Contact tracing is vital in the fight against Covid-19, says Tygerberg Hospital’s deputy director for comprehensive health programmes, Delaray Fourie, of Kraaifontein, who has led the contact-tracing team in the northern suburbs.
Since March, workers went door to door to slow the spread of the virus, but they faced challenges, says Ms Fourie.
“We followed up with all positive clients when the virus first hit,” says Ms Fourie, “not only the person who was positive, but the people they came into contact with. We had conversations with them to check on how they were doing, and we provided health-care advice. It started off as contact tracing according to what the guidelines had set out, but it ended up being much more.”
She says counselling was crucial because many people feared being stigmatised by community members. “Some people felt this disease was isolated and wouldn’t impact them. We had to deal with all of this through counselling. Initially it was two or three people only; nobody wanted to speak about having it. But we worked around this,” says Ms Fourie.
While active Covid-19 cases in the Western Cape have dropped, contact-tracing teams continue to work around the clock to prevent the spread of infections. Ms Fourie’s colleague, Dr Nosi Kalawe, of Bellville, says they’ve relied on teamwork to get through the peak in the province.
“We have learnt that it is important that community health services work with people in infectious-disease departments and with others on substructure levels and beyond,” says Dr Kalawe.

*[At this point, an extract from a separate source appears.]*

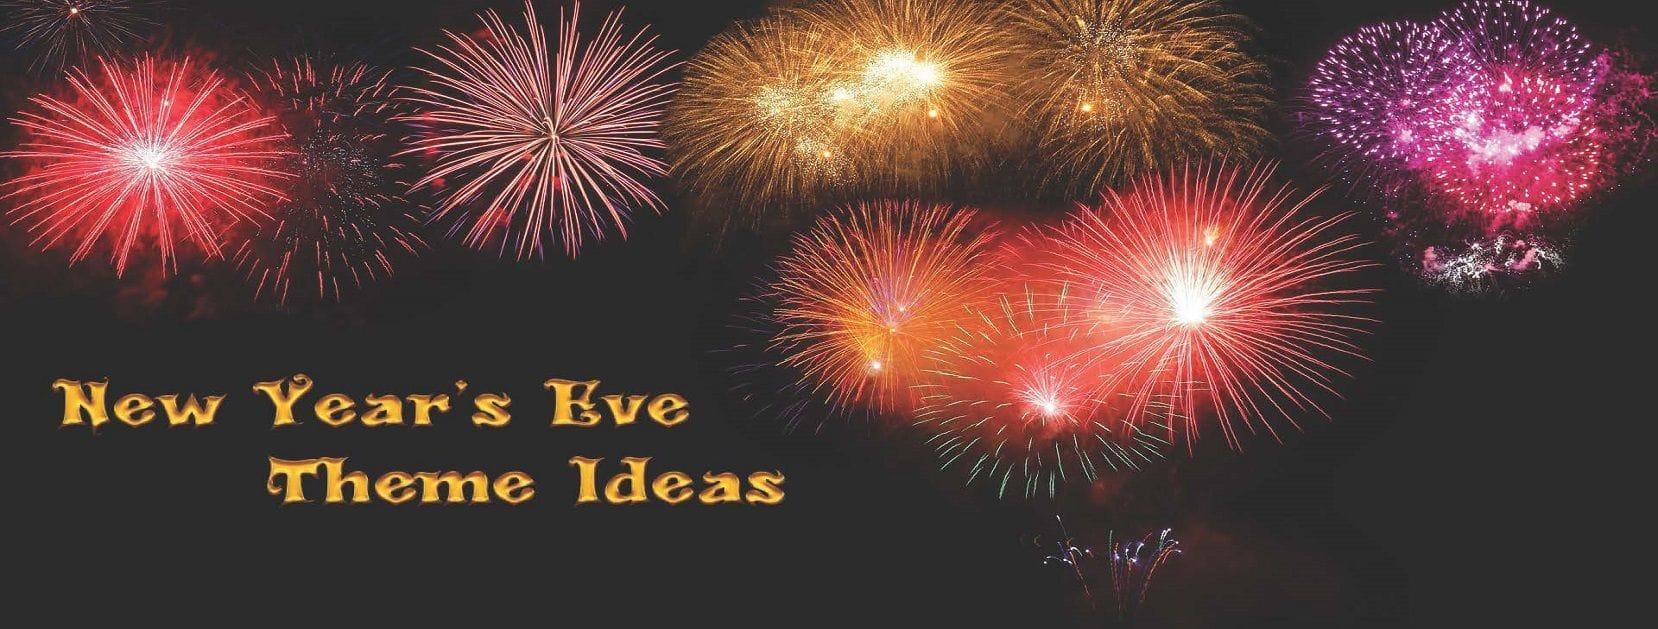 new years eve theme ideas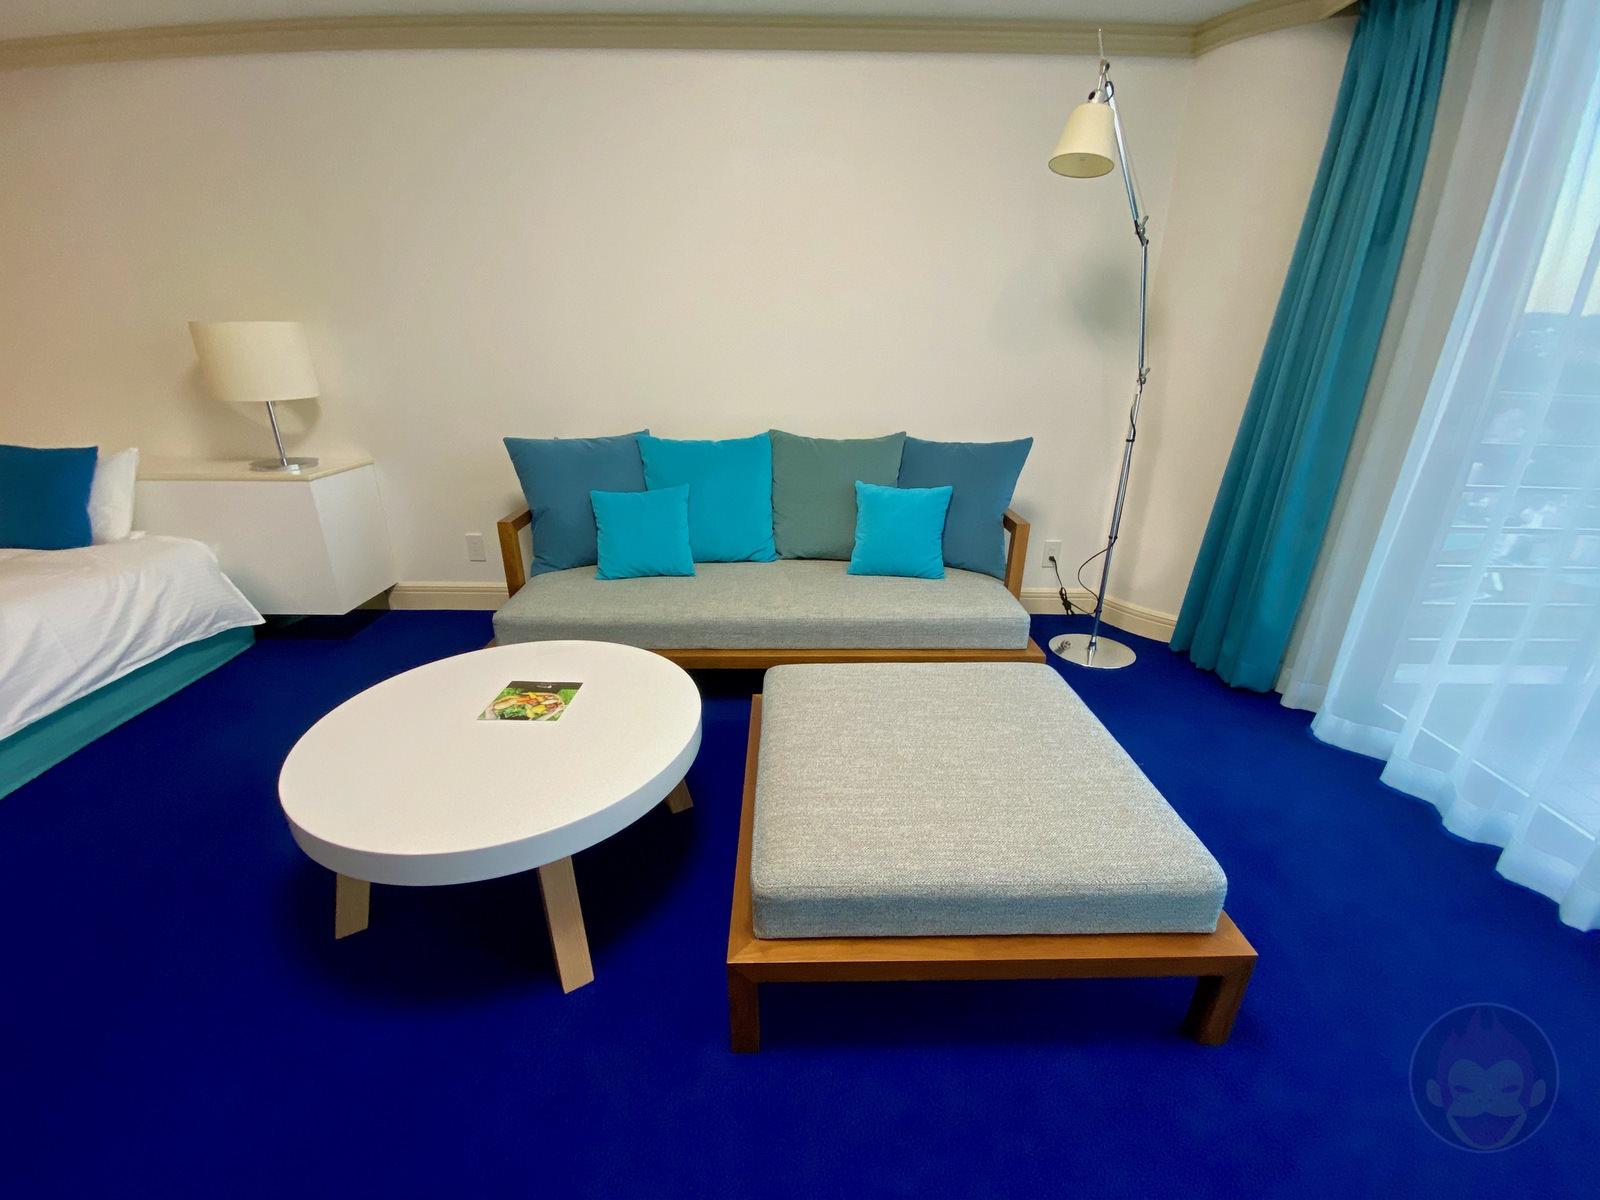 Hoshino Resonale Atami Room 07

Dr Kalawe says she worked with a group of nurses and initially did clinical consultations. “If there were complications or they needed to visit a facility I would guide that. Some of them were chronic patients and I organised with the nearest facilities. We would also arrange for medication to be dropped,” says Dr Kalawe.
While the country has moved to level-1 lockdown, Dr Kalawe says we still can’t afford to let our guard down.
“The fight against the virus is not over. Lockdown levels may have gone down, but level 1 doesn’t mean the infections are gone. Tracking and tracing are ongoing. We need to continue these efforts.”